*Source information*
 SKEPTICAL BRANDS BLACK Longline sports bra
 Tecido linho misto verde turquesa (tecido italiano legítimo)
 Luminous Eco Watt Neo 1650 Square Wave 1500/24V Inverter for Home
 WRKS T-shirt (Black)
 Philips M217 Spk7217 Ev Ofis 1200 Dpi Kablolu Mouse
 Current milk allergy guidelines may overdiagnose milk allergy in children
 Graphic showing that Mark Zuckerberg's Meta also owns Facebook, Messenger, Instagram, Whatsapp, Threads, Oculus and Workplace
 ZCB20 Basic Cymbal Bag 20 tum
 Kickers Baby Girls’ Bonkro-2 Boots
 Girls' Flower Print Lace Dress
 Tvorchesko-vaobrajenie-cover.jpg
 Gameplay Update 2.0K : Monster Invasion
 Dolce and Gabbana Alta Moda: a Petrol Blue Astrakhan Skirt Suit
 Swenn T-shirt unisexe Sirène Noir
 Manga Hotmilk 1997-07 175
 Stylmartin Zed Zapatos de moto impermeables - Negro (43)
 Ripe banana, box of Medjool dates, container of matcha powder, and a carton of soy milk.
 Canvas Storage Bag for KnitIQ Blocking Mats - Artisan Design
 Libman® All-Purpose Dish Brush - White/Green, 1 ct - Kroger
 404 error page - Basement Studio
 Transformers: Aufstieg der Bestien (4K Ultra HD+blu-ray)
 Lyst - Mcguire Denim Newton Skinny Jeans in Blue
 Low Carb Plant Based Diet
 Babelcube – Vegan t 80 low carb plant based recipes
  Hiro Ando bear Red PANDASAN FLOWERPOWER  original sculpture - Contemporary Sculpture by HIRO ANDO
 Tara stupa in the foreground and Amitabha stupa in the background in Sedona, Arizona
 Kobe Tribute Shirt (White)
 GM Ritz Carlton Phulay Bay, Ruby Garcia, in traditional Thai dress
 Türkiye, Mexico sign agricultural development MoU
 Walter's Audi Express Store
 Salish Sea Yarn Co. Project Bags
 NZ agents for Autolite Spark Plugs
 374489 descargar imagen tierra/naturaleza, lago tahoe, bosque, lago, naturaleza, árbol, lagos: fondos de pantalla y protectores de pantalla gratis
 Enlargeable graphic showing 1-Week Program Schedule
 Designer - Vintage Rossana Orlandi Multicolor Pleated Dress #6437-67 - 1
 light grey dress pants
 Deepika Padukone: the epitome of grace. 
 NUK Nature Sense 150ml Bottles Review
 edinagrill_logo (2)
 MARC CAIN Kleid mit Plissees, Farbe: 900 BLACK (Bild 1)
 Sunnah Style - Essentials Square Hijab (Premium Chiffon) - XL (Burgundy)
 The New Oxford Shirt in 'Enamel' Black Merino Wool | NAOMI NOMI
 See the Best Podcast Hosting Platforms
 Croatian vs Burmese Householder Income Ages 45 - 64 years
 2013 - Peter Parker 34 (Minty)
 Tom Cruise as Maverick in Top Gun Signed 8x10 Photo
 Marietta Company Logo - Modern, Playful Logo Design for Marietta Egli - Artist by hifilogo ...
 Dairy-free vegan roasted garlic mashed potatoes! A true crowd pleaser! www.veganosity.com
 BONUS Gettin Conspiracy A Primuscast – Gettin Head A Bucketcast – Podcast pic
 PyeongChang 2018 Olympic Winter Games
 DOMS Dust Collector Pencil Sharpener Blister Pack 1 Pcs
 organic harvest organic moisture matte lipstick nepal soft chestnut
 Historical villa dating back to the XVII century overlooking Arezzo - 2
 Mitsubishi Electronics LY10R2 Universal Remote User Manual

*Work request*
Pull out every line in the data above that has the word "Blue".

*Output of the task*
 Dolce and Gabbana Alta Moda: a Petrol Blue Astrakhan Skirt Suit
 Lyst - Mcguire Denim Newton Skinny Jeans in Blue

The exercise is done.